WORK REQUIRED: Would you please copy all of the data exactly, skipping the images?

INFORMATION SHOWN:

[Start of Attachment]

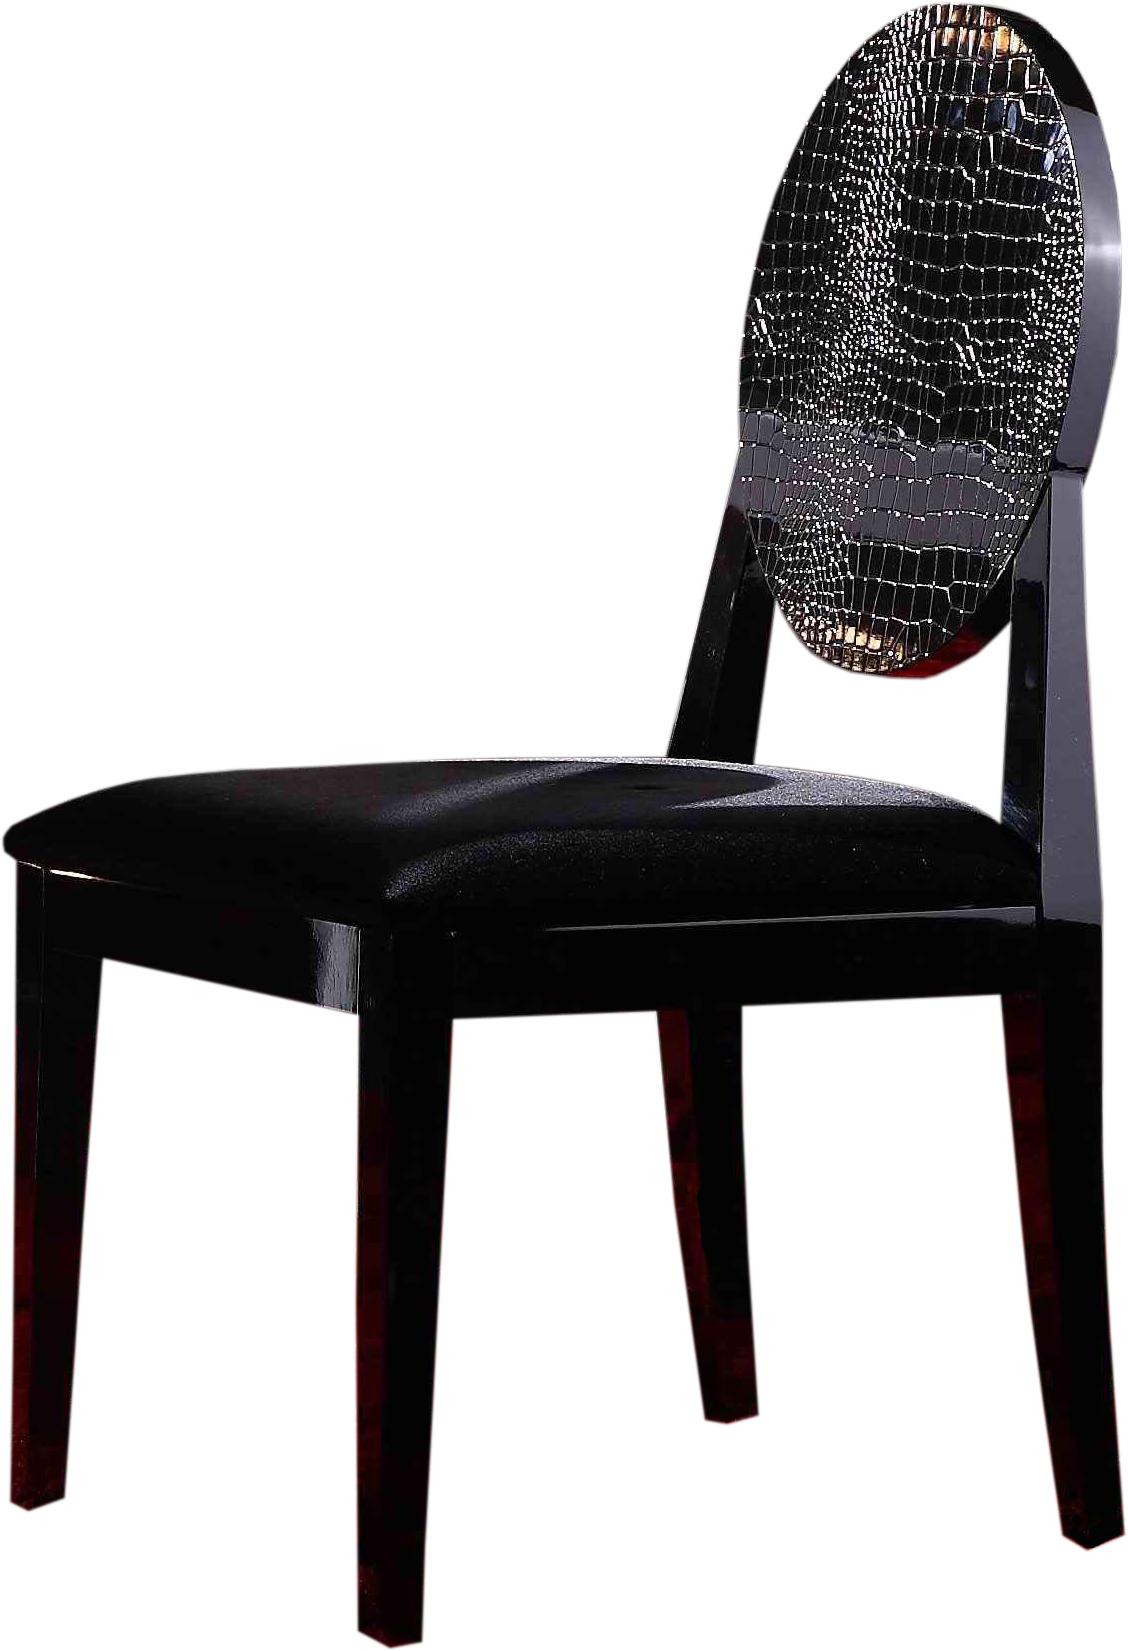 AA018 Modern Black Crocodile Texture Dining Chair
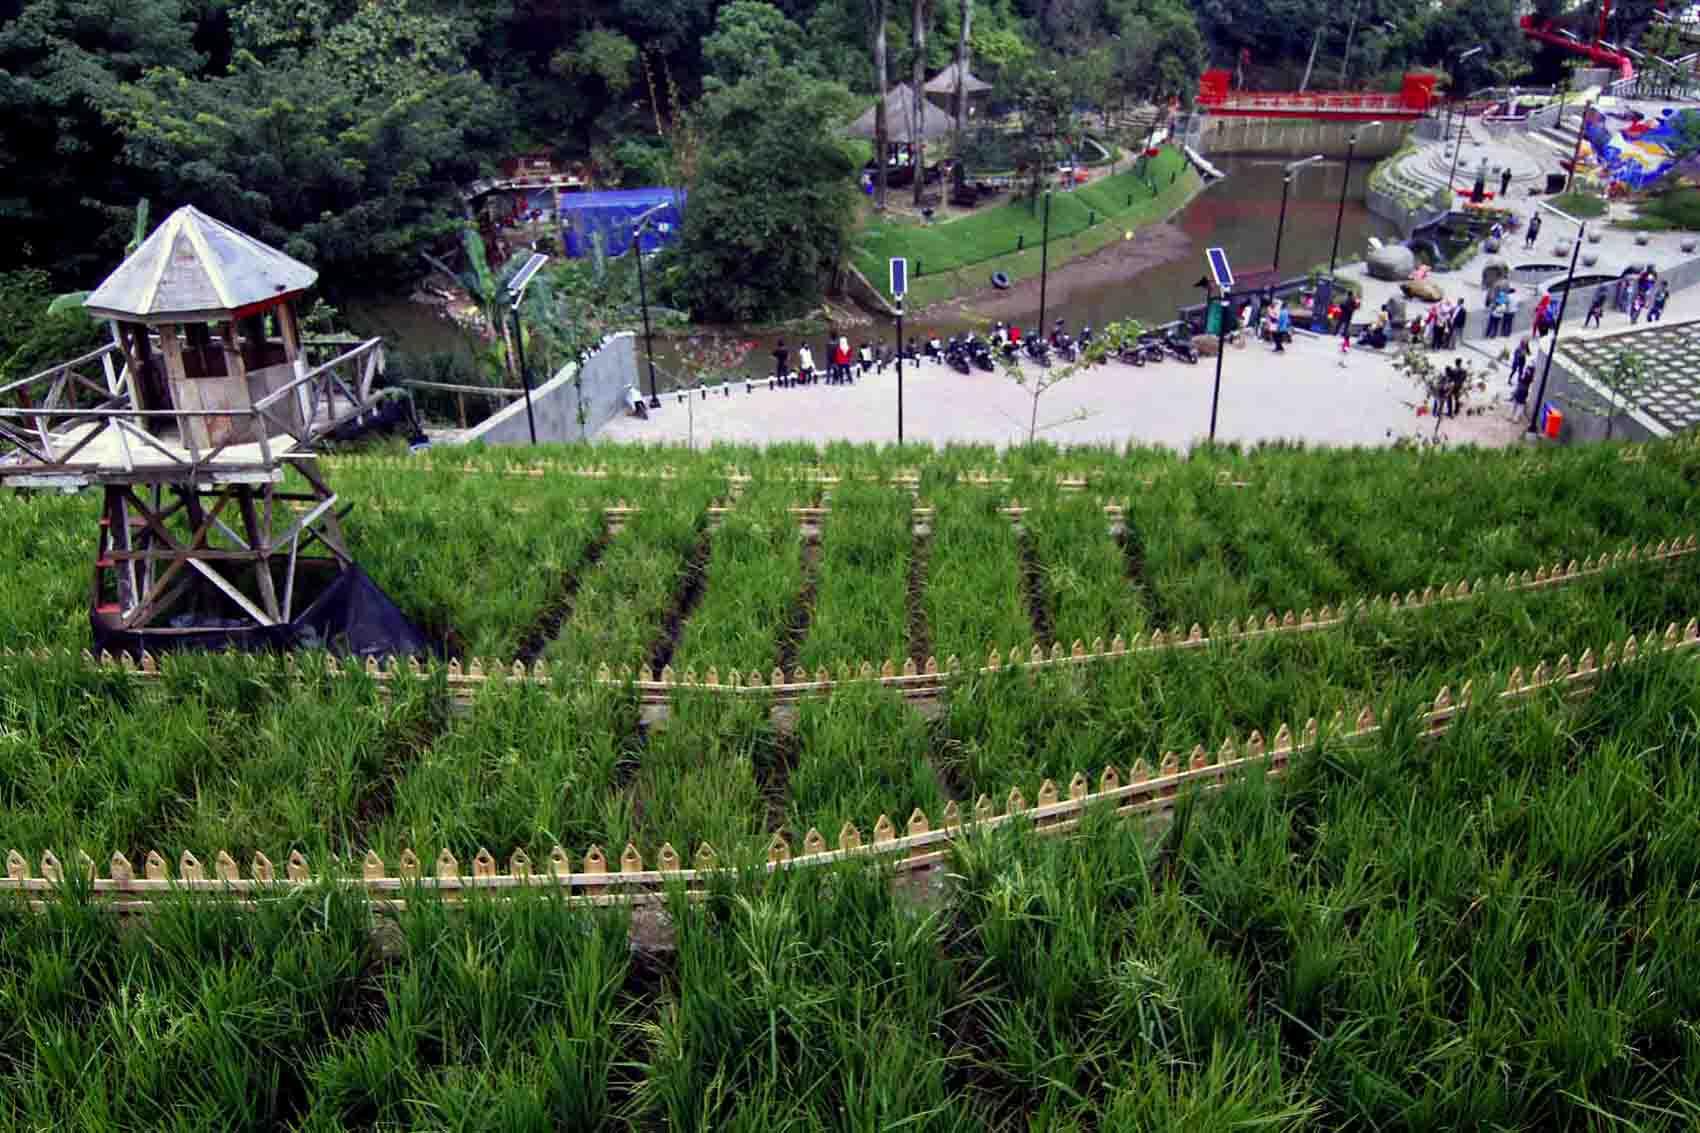 Rth Bandung Nambah 1 09 Persen Dua Teras Cihampelas Kab
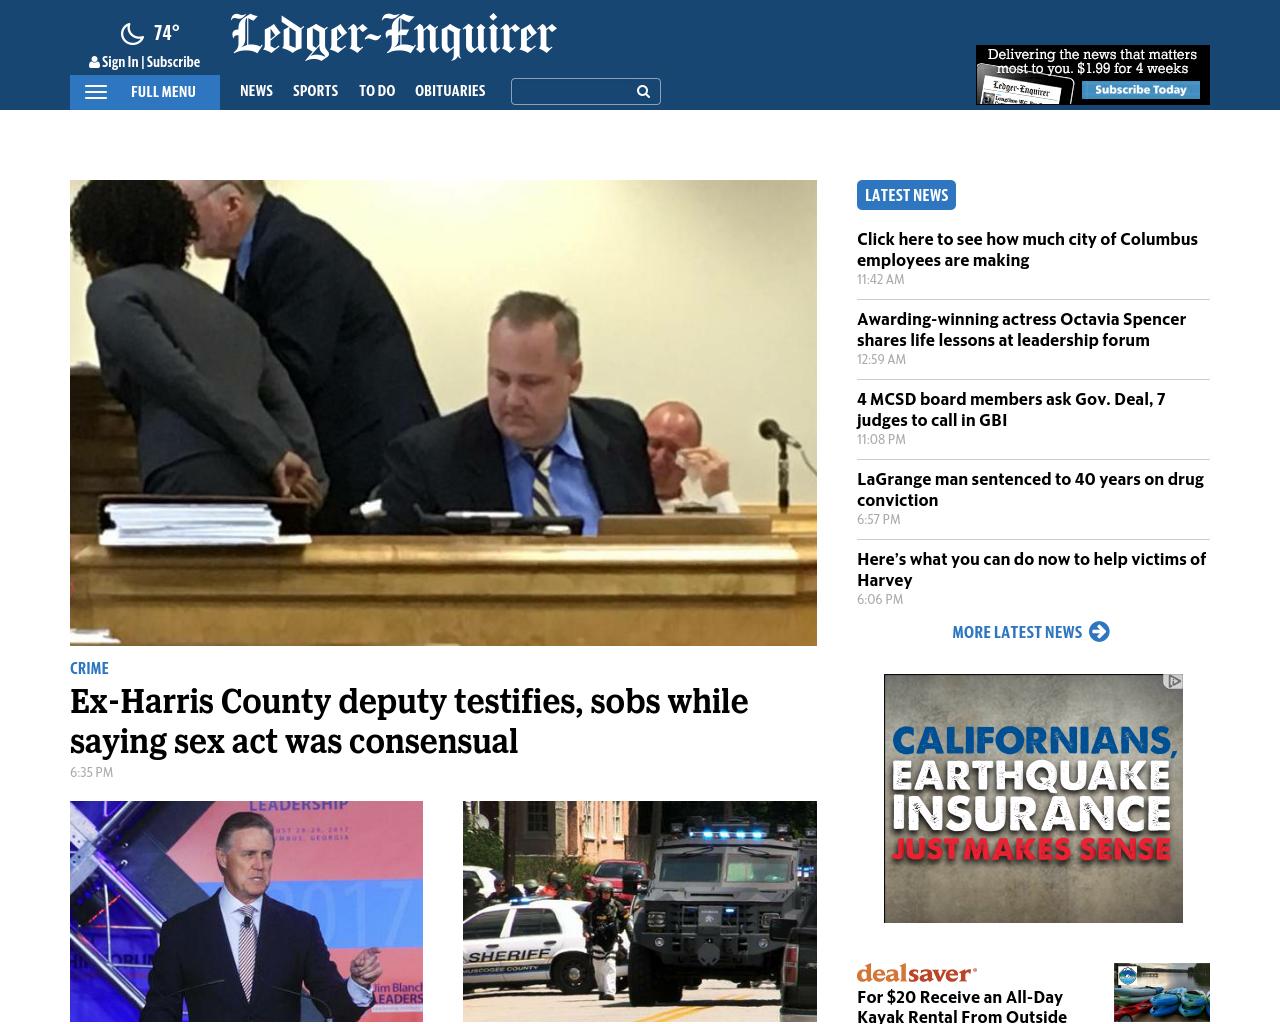 Ledger-Enquirer-Advertising-Reviews-Pricing
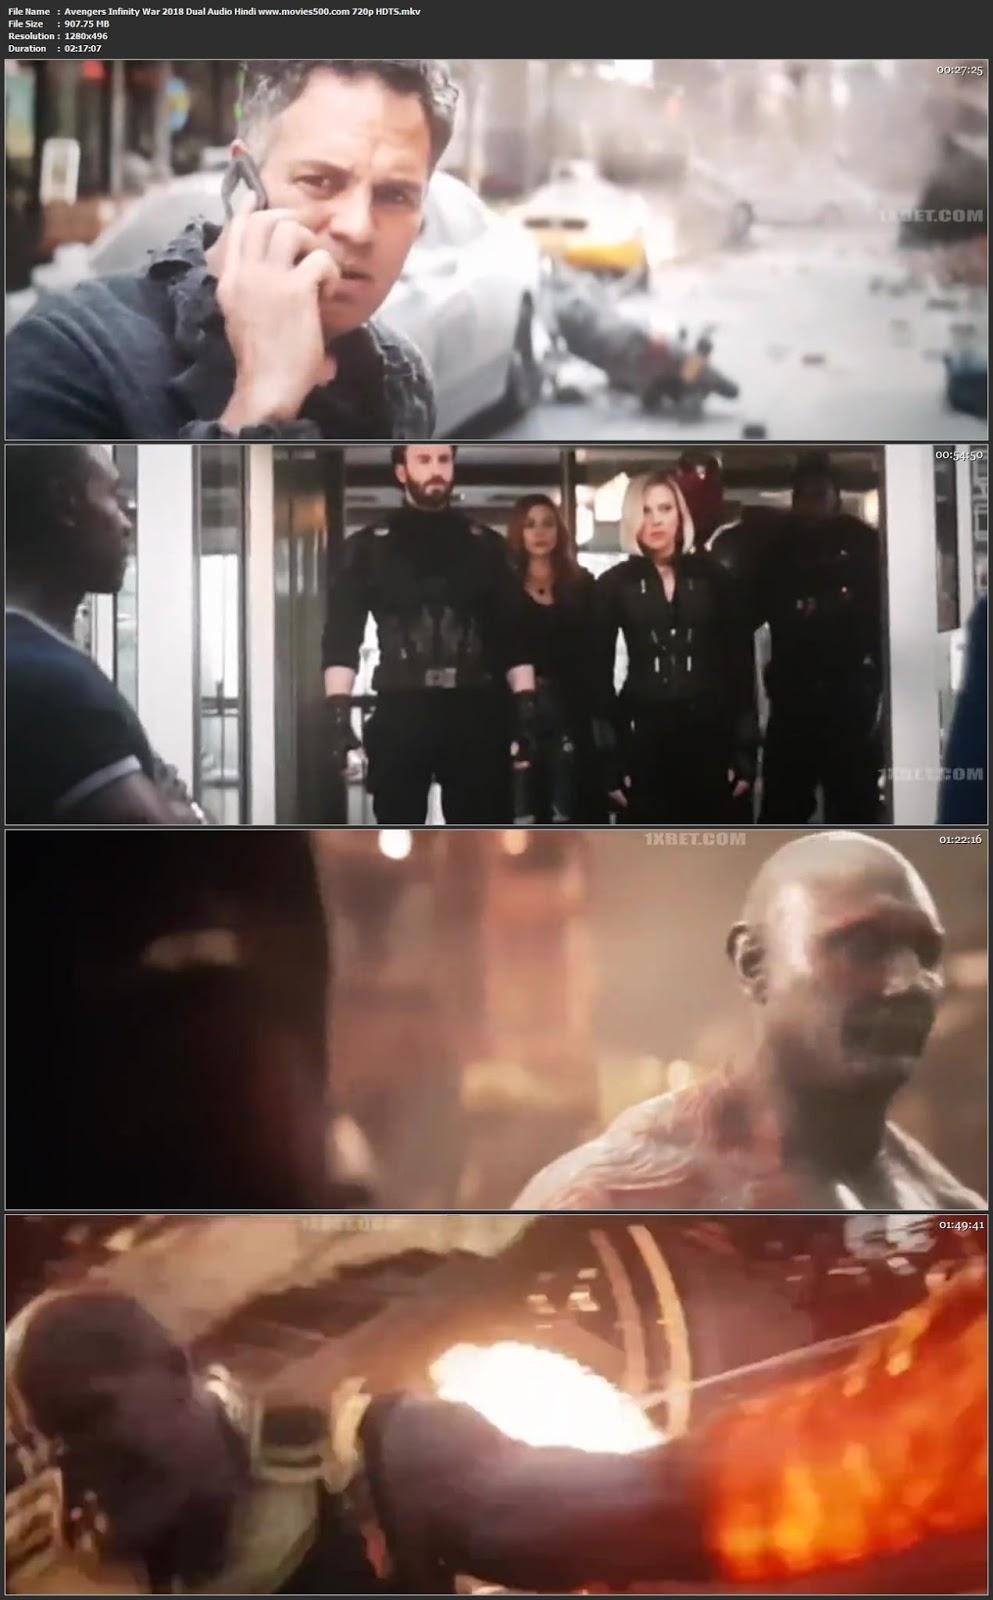 Avengers Infinity War 2018 Hindi Dubbed 300MB HDTSRip 480p at movies500.site

[End of Attachment]

RESPONSE:
 AA018 Modern Black Crocodile Texture Dining Chair
 Rth Bandung Nambah 1 09 Persen Dua Teras Cihampelas Kab
 Ledger-Enquirer-Advertising-Reviews-Pricing
 Avengers Infinity War 2018 Hindi Dubbed 300MB HDTSRip 480p at movies500.site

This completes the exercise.